**TASK OBJECTIVE**
Give the listing again character for character, but drop the images.

**DATA SEGMENT**
*** Block opens ***
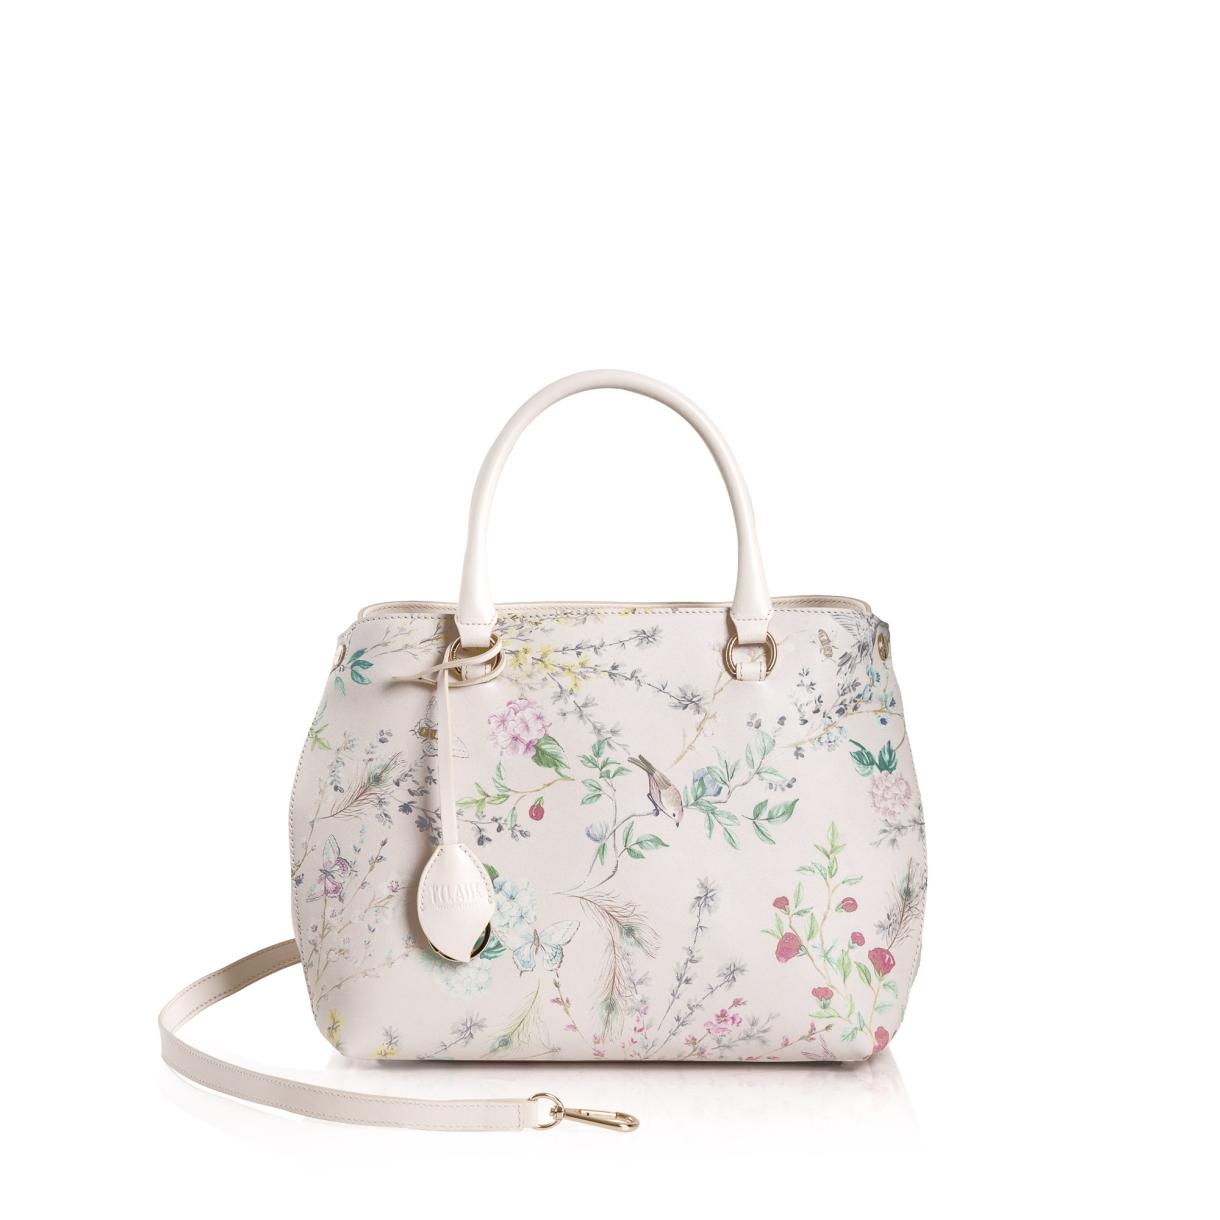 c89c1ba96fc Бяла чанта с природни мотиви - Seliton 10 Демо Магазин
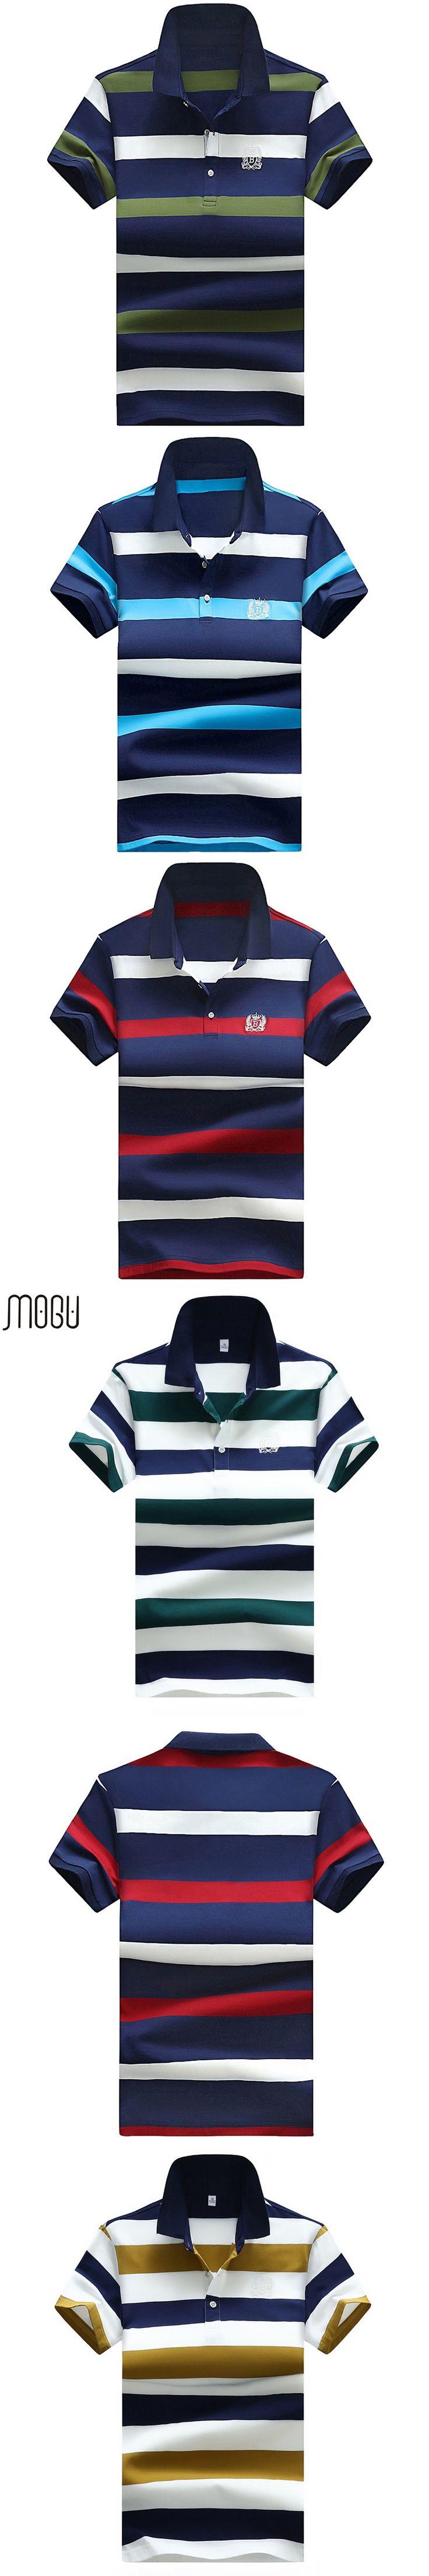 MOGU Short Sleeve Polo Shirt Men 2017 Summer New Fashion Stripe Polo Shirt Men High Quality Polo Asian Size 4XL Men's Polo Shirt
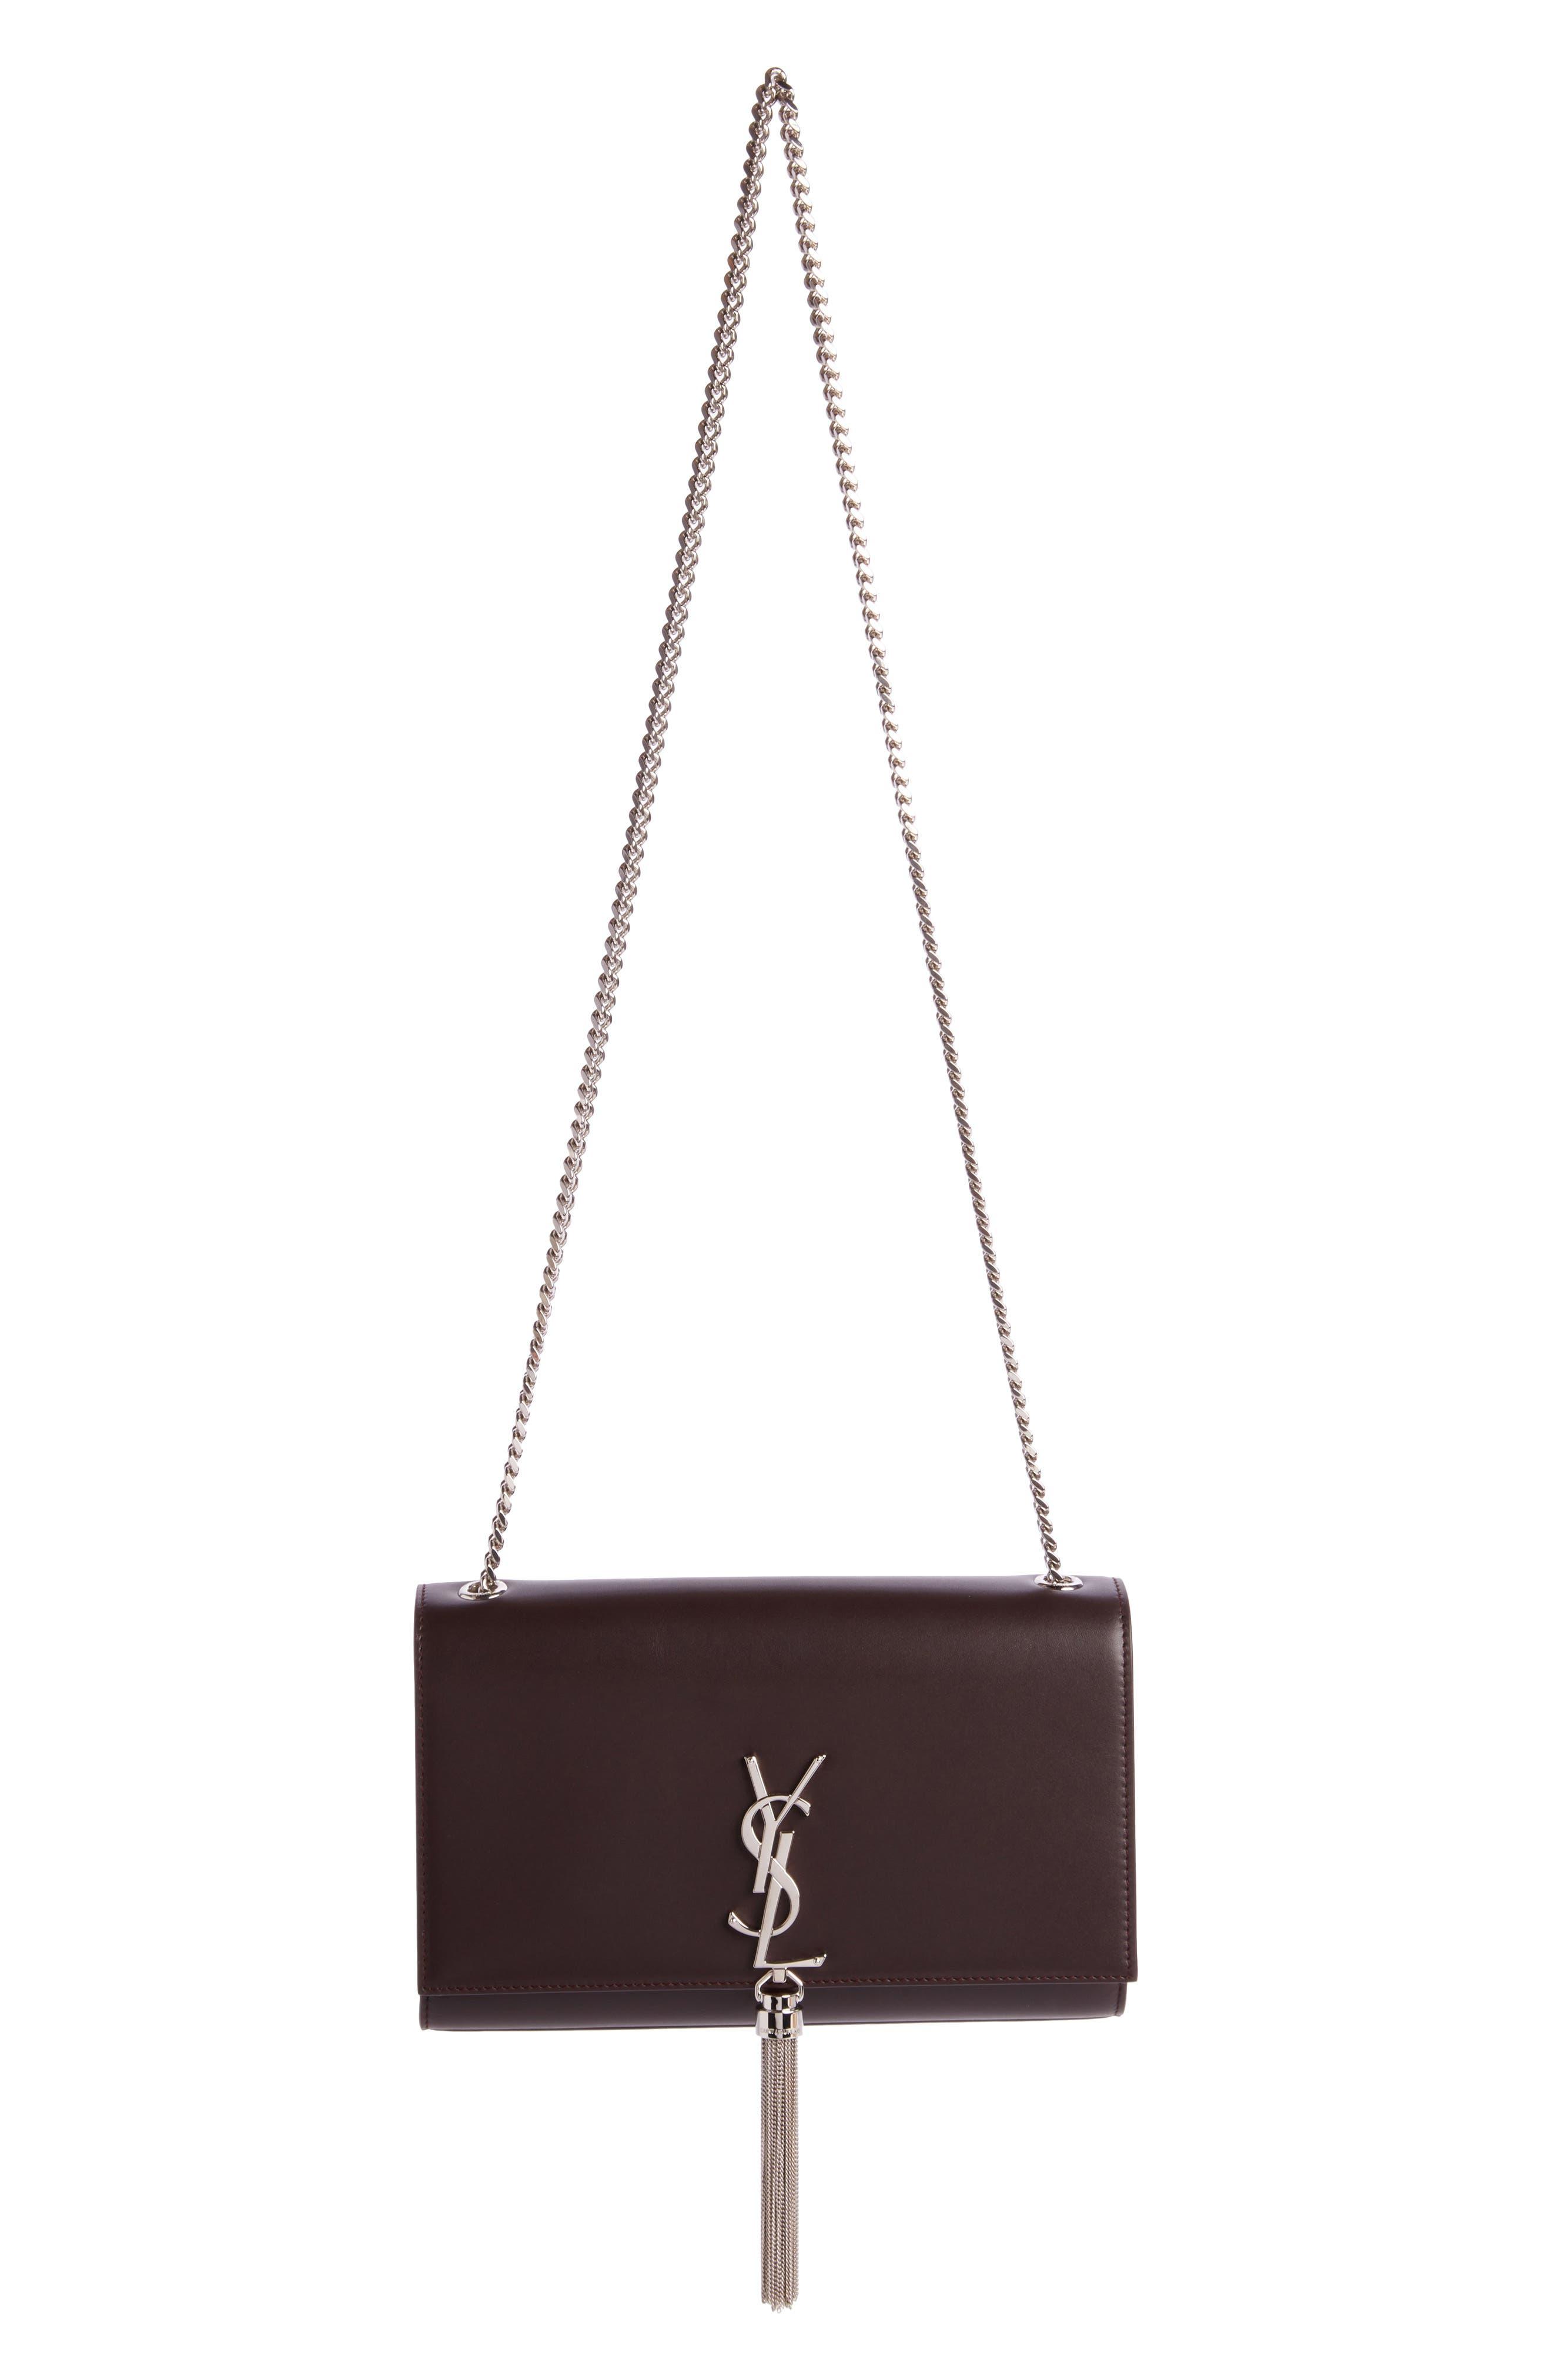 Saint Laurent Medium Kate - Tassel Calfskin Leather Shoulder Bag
*** Block closes ***
**FINISHED TASK**
 c89c1ba96fc Бяла чанта с природни мотиви - Seliton 10 Демо Магазин
 MOGU Short Sleeve Polo Shirt Men 2017 Summer New Fashion Stripe Polo Shirt Men High Quality Polo Asian Size 4XL Men's Polo Shirt
 Saint Laurent Medium Kate - Tassel Calfskin Leather Shoulder Bag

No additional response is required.